■ **What is being asked**:
Only a verbatim restatement of the lines from the one with "El presidente de" through the end of the listing below is wanted. Pictures should be left out.

■ **Data provided**:
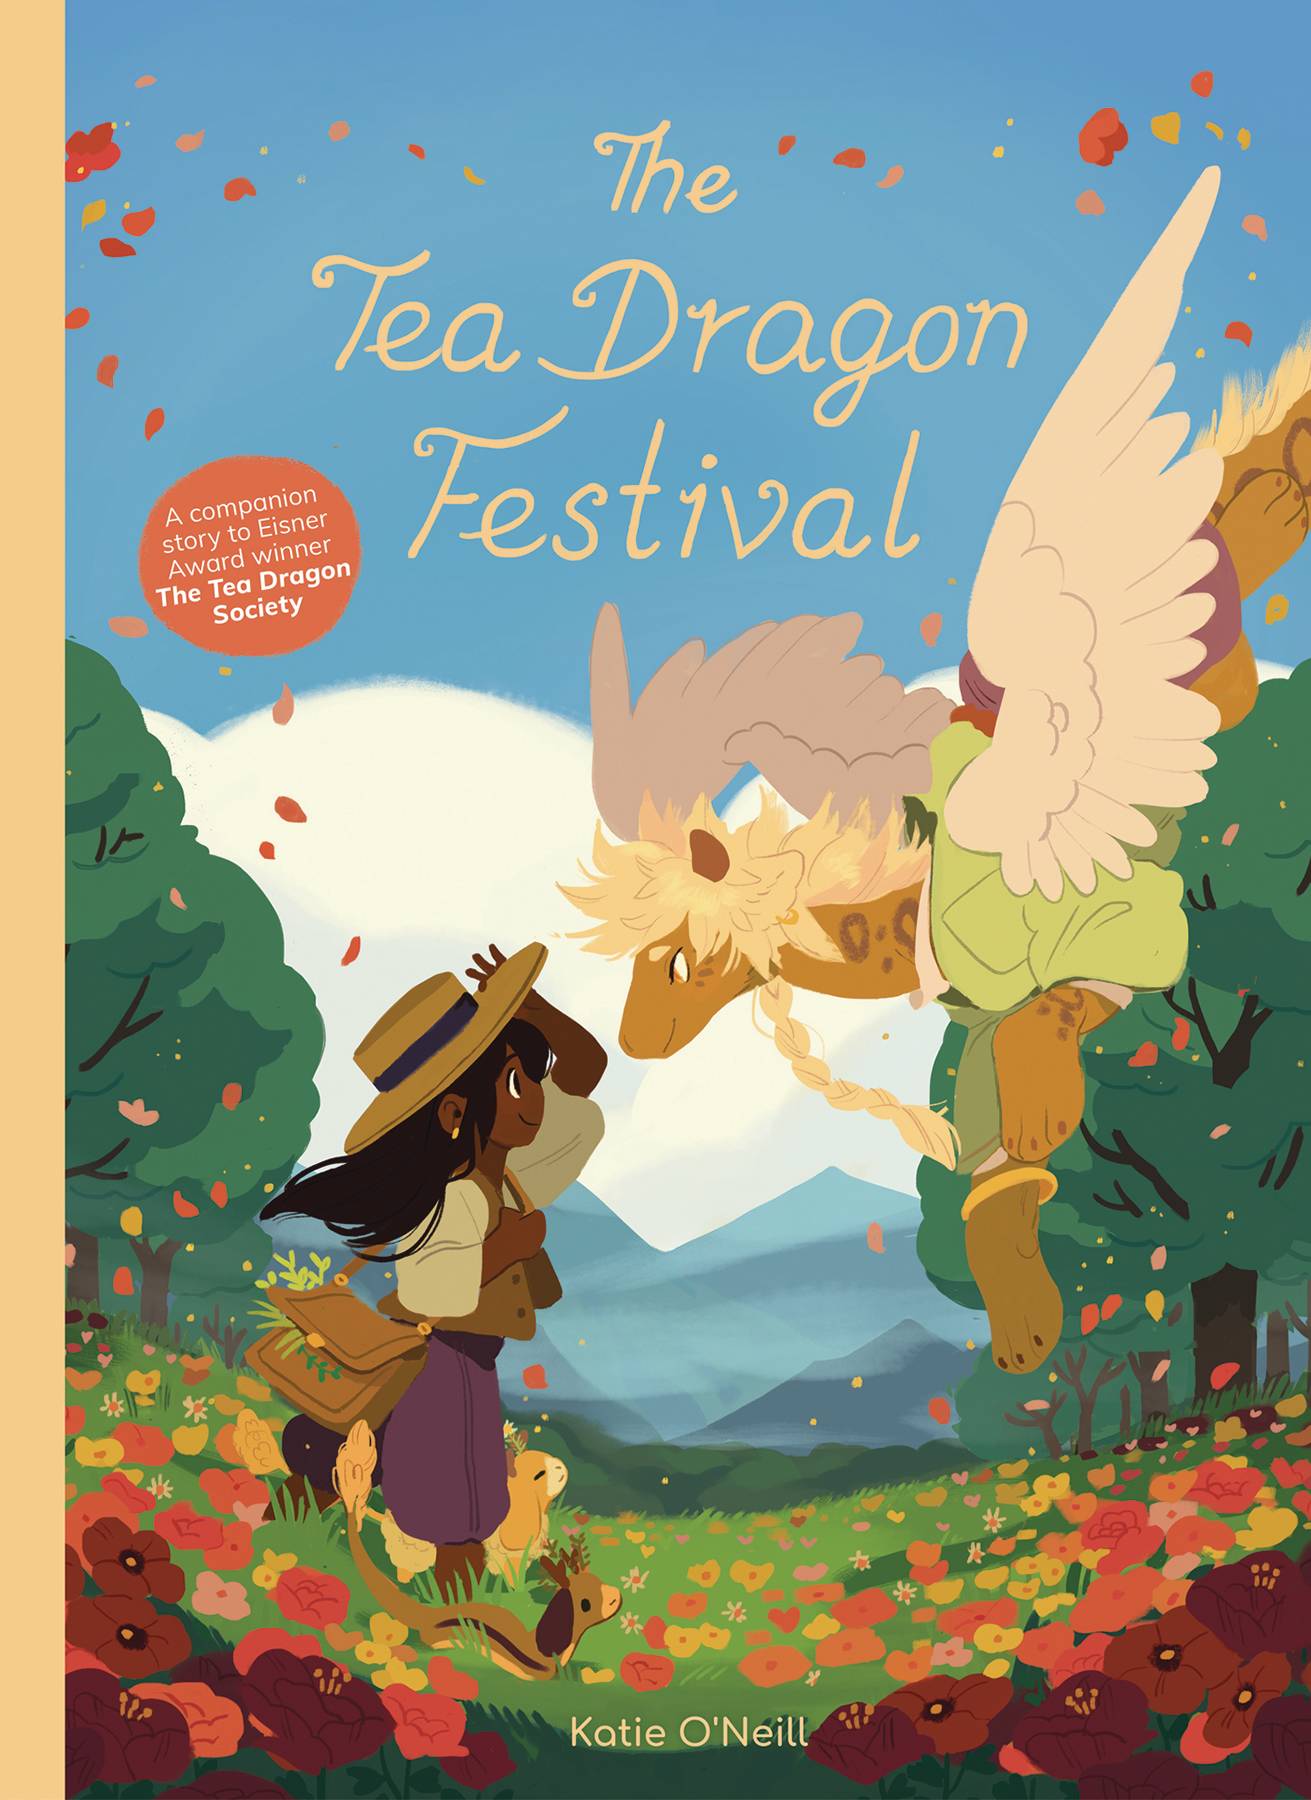 Tea Dragon Festival
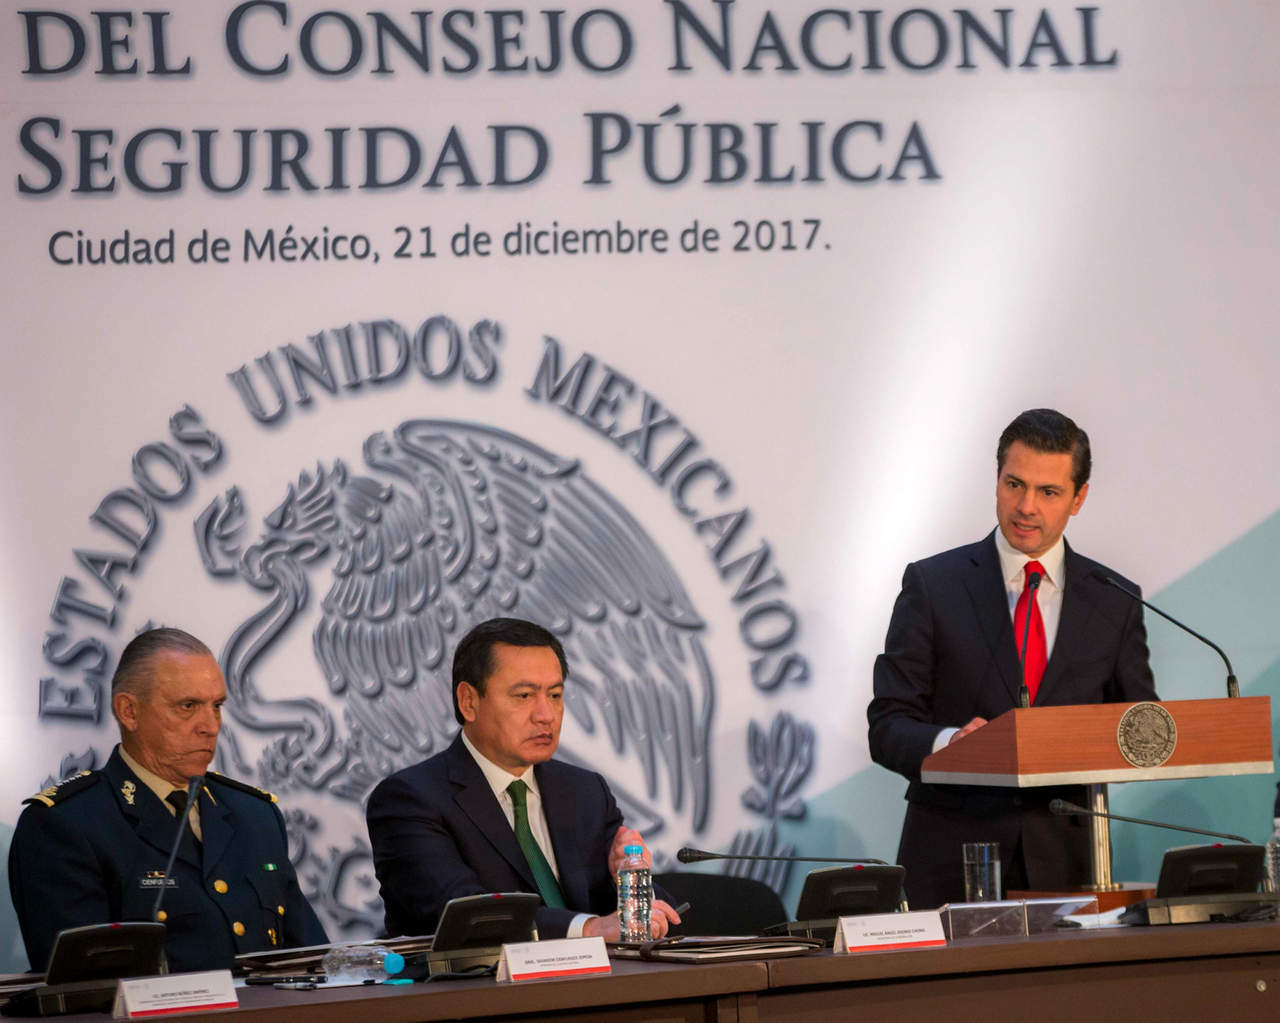 El presidente de la República, Enrique Peña Nieto, promulgó ayer la polémica Ley de Seguridad Interior que legaliza y perpetúa la presencia de las Fuerzas Armadas en labores de seguridad pública; no obstante, será la Suprema Corte de Justicia de la Nación la que decida sobre su constitucionalidad. (NOTIMEX)
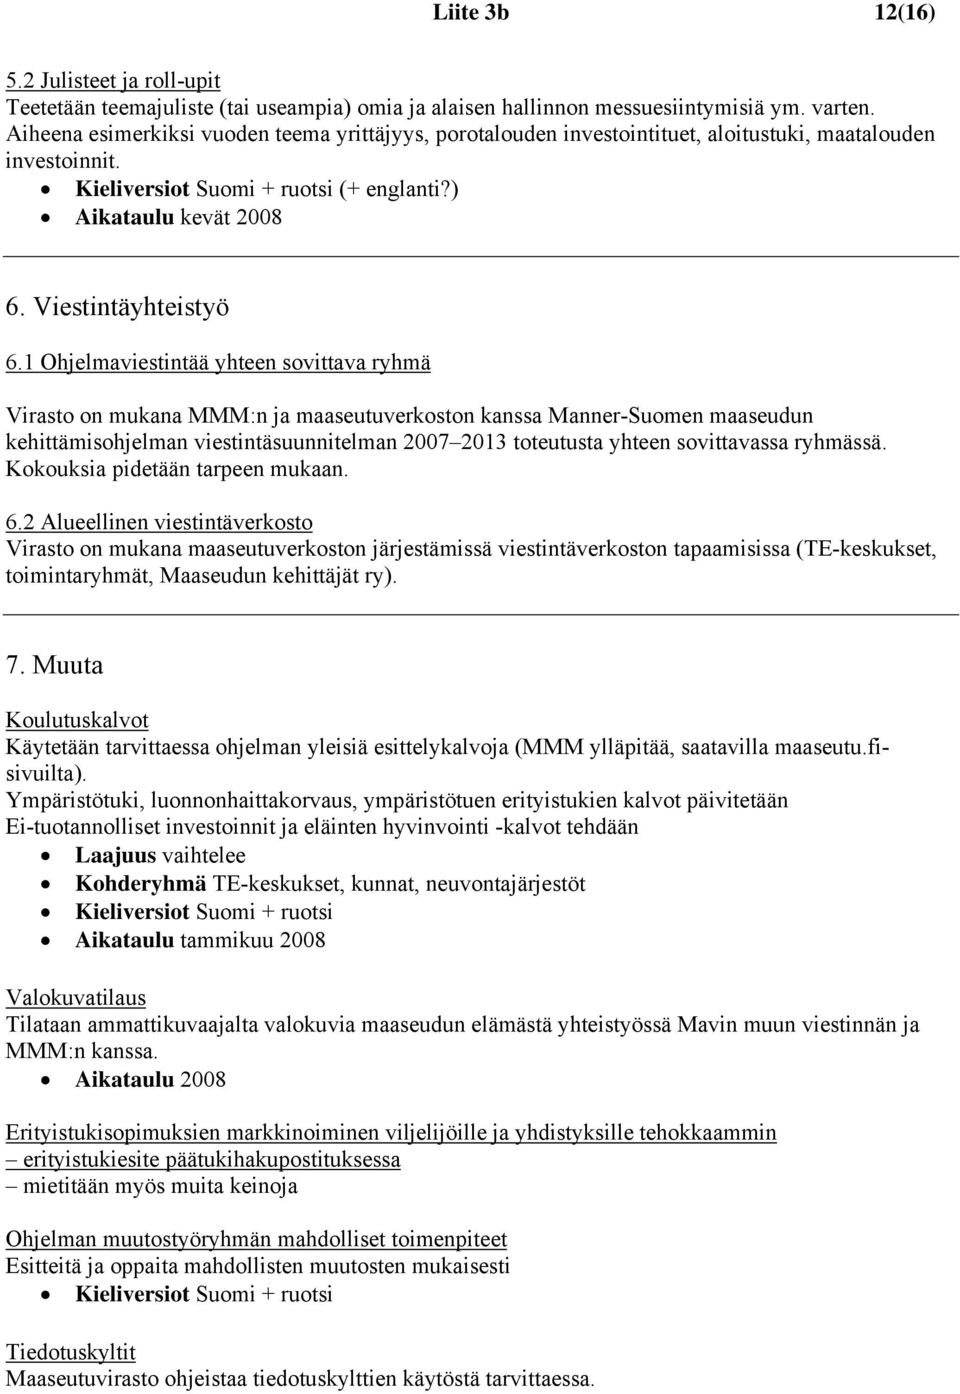 1 Ohjelmaviestintää yhteen sovittava ryhmä Virasto on mukana MMM:n ja maaseutuverkoston kanssa Manner-Suomen maaseudun kehittämisohjelman viestintäsuunnitelman 2007 2013 toteutusta yhteen

■ **Task output**:
 El presidente de la República, Enrique Peña Nieto, promulgó ayer la polémica Ley de Seguridad Interior que legaliza y perpetúa la presencia de las Fuerzas Armadas en labores de seguridad pública; no obstante, será la Suprema Corte de Justicia de la Nación la que decida sobre su constitucionalidad. (NOTIMEX)
 1 Ohjelmaviestintää yhteen sovittava ryhmä Virasto on mukana MMM:n ja maaseutuverkoston kanssa Manner-Suomen maaseudun kehittämisohjelman viestintäsuunnitelman 2007 2013 toteutusta yhteen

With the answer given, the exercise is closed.